Clark20
Badges: 9
Rep:
?
#1
Report Thread starter 2 years ago
#1
Need help with (ciii) of this question, where you have to calculate standard enthalpy change of formation of NaN3.

The Na part in my born haber cycle calculation makes sense, but for Nitrogen, why dont we use its enthalpy change of atomisation as we always do for the anion as well as the cation?
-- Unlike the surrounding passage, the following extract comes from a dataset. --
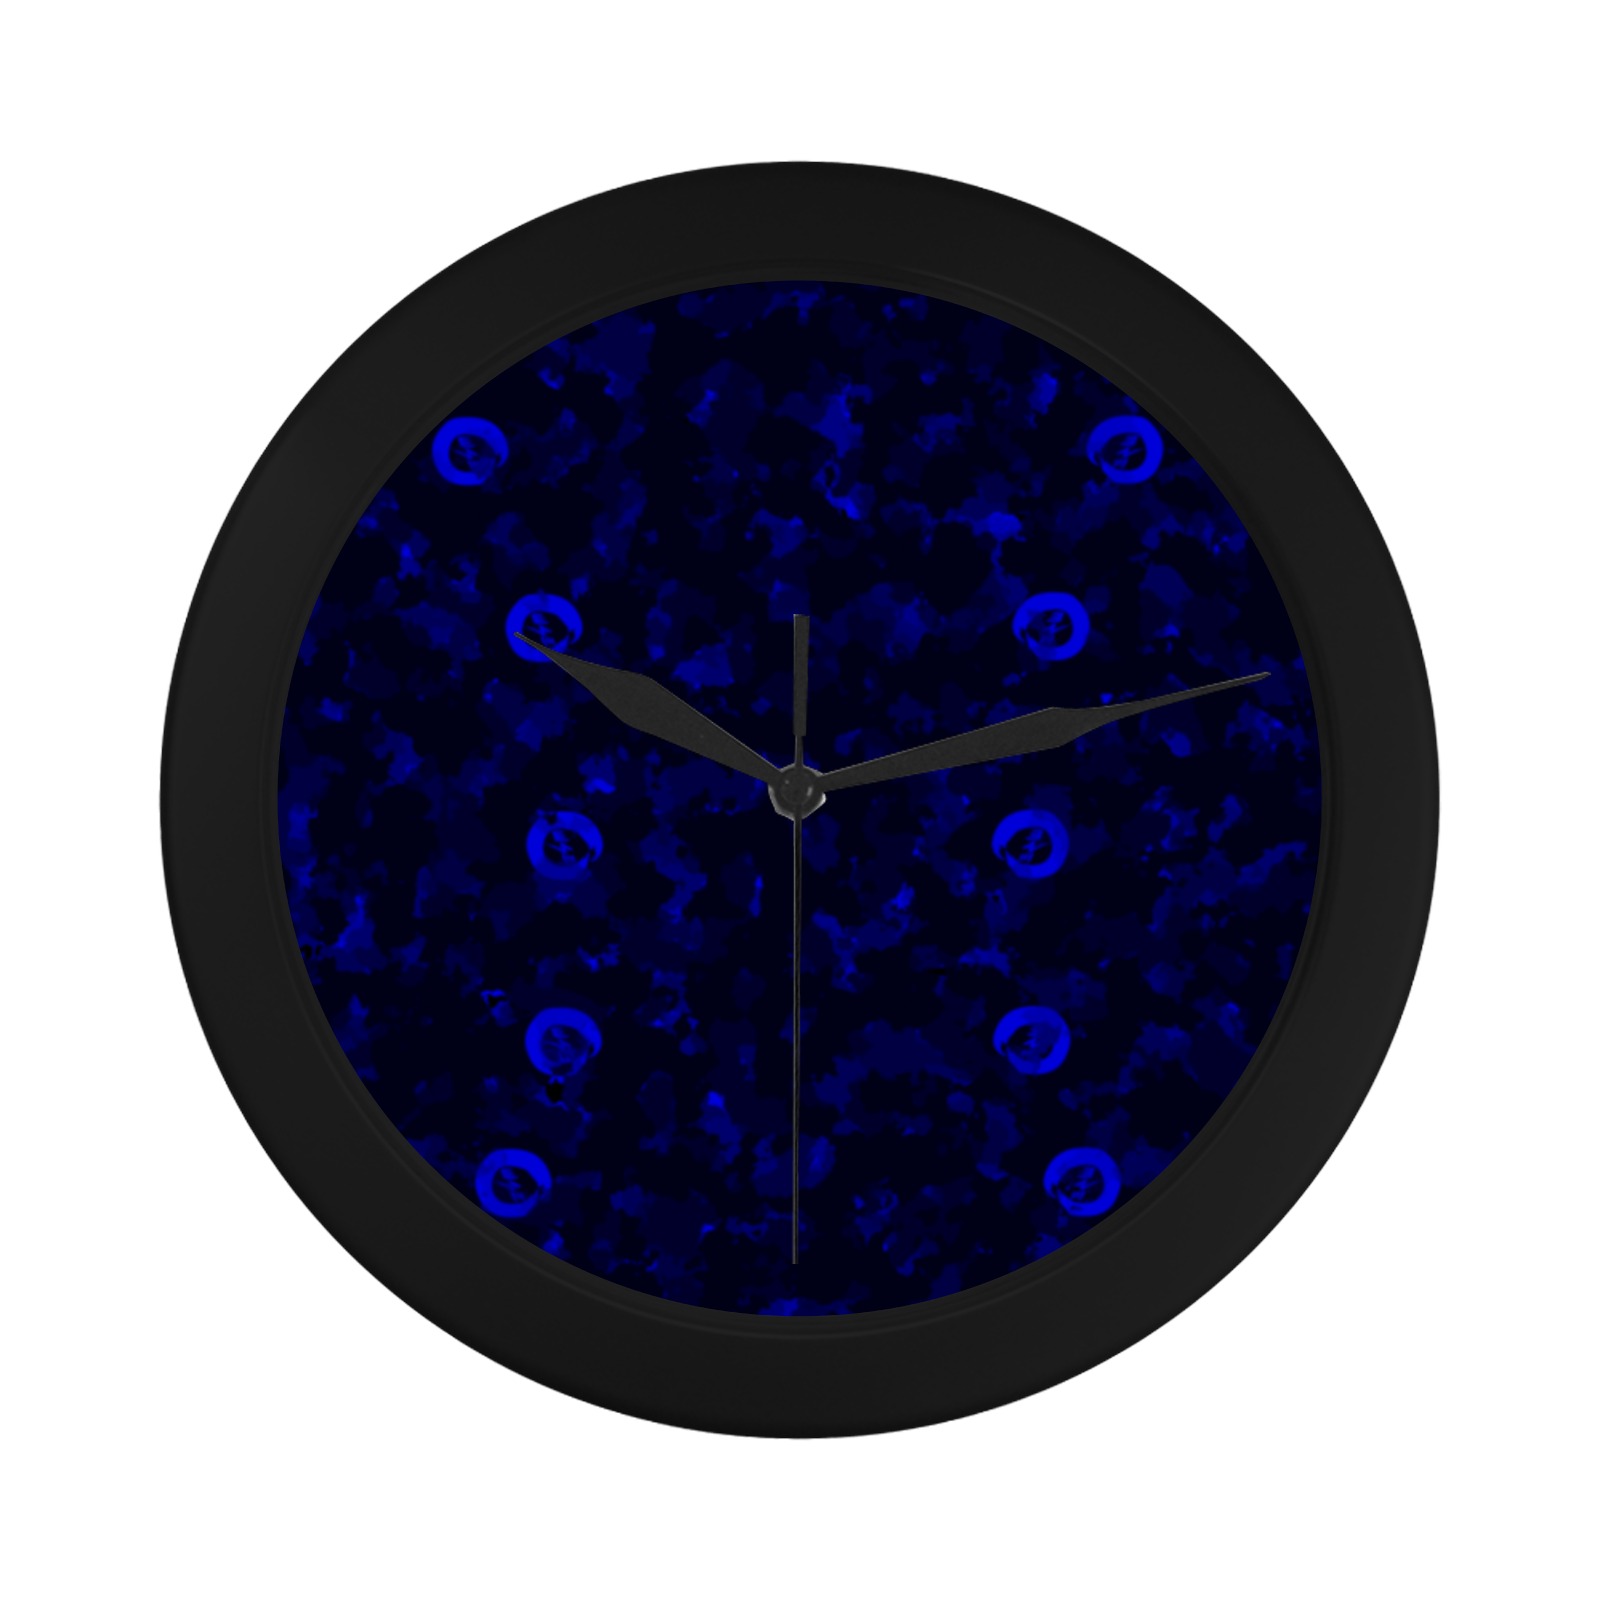 New Project (10) Circular Plastic Wall clock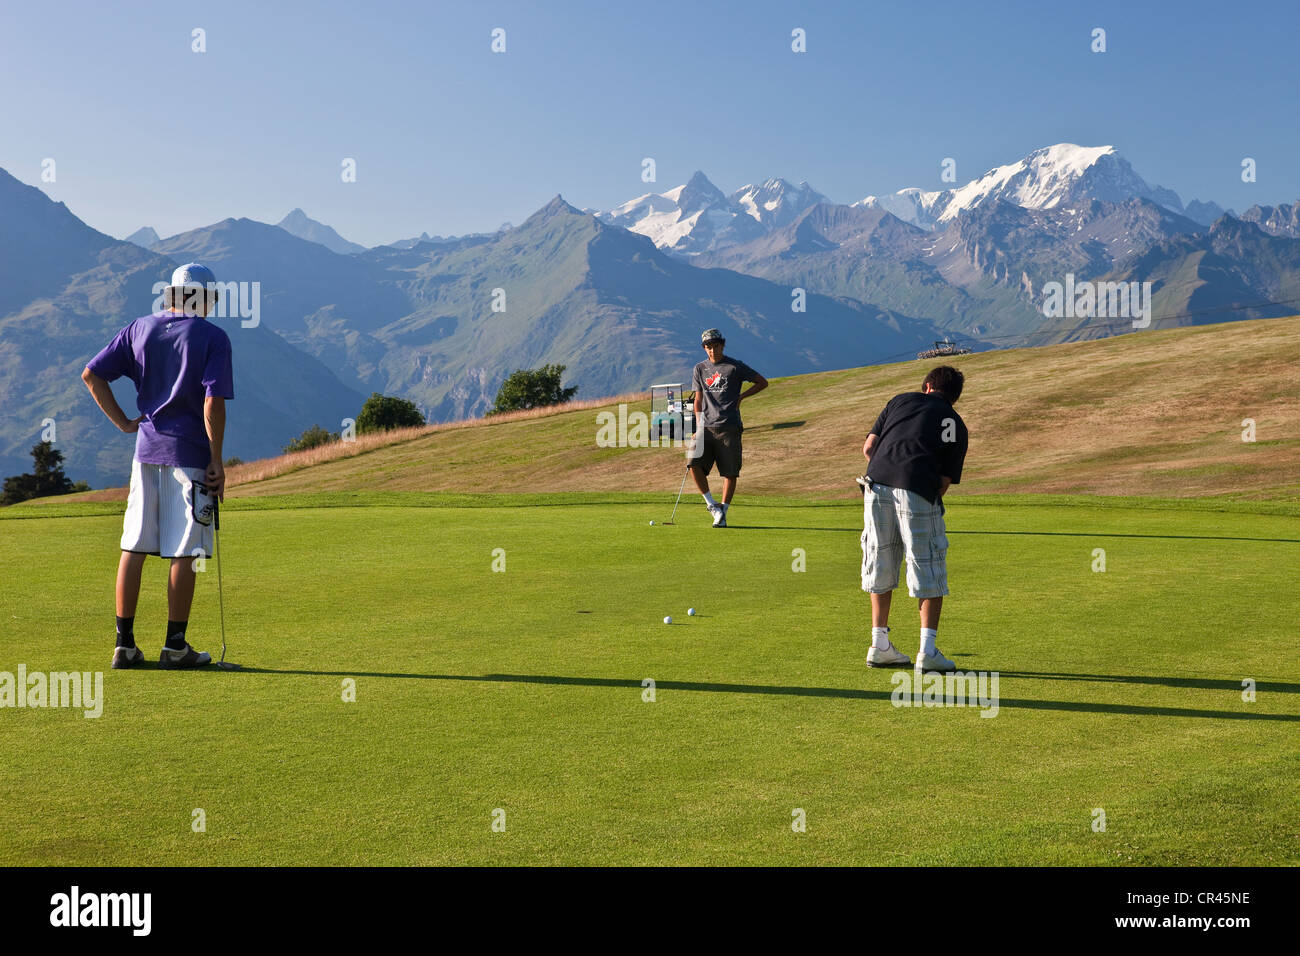 France, Savoie, Les Arcs 1800, the golf course facing Mont Blanc (4810m) Stock Photo

And, is the equation "1 1/2 N2 (g) + 1e ---> N3- (g)" given in the table for the same part the equation for its electron affinity?
Attached files
Last edited by Clark20; 2 years ago
0
reply
username3249896
Badges: 12
Rep:
?
#2
Report 2 years ago
#2
because you need to use 3/2 N2 + e- -> N3 -
equation shows N2 gaining electrons, not N atoms
so don't atomise N2
0
reply
Clark20
Badges: 9
Rep:
?
#3
Report Thread starter 2 years ago
#3
Is there a way to know whether a gaseous ion gains electrons directly without first undergoing atomisation as this case, if suppose we arent given such an equation for a future question?

(Original post by BobbJo)
because you need to use 3/2 N2 + e- -> N3 -
equation shows N2 gaining electrons, not N atoms
so don't atomise N2
0
reply
username3249896
Badges: 12
Rep:
?
#4
Report 2 years ago
#4
(Original post by Clark20)
Is there a way to know whether a gaseous ion gains electrons directly without first undergoing atomisation as this case, if suppose we arent given such an equation for a future question?
By looking at the ion formed

You should be given the equation as the standard enthalpy change for that reaction cannot be determined from the values in your data booklet
0
reply
Clark20
Badges: 9
Rep:
?
#5
Report Thread starter 2 years ago
#5
(Original post by BobbJo)
You should be given the equation as the standard enthalpy change for that reaction cannot be determined from the values in your data booklet
Standard enthalpy change of such an equation includes only the enthalpy change of electron affinity, right?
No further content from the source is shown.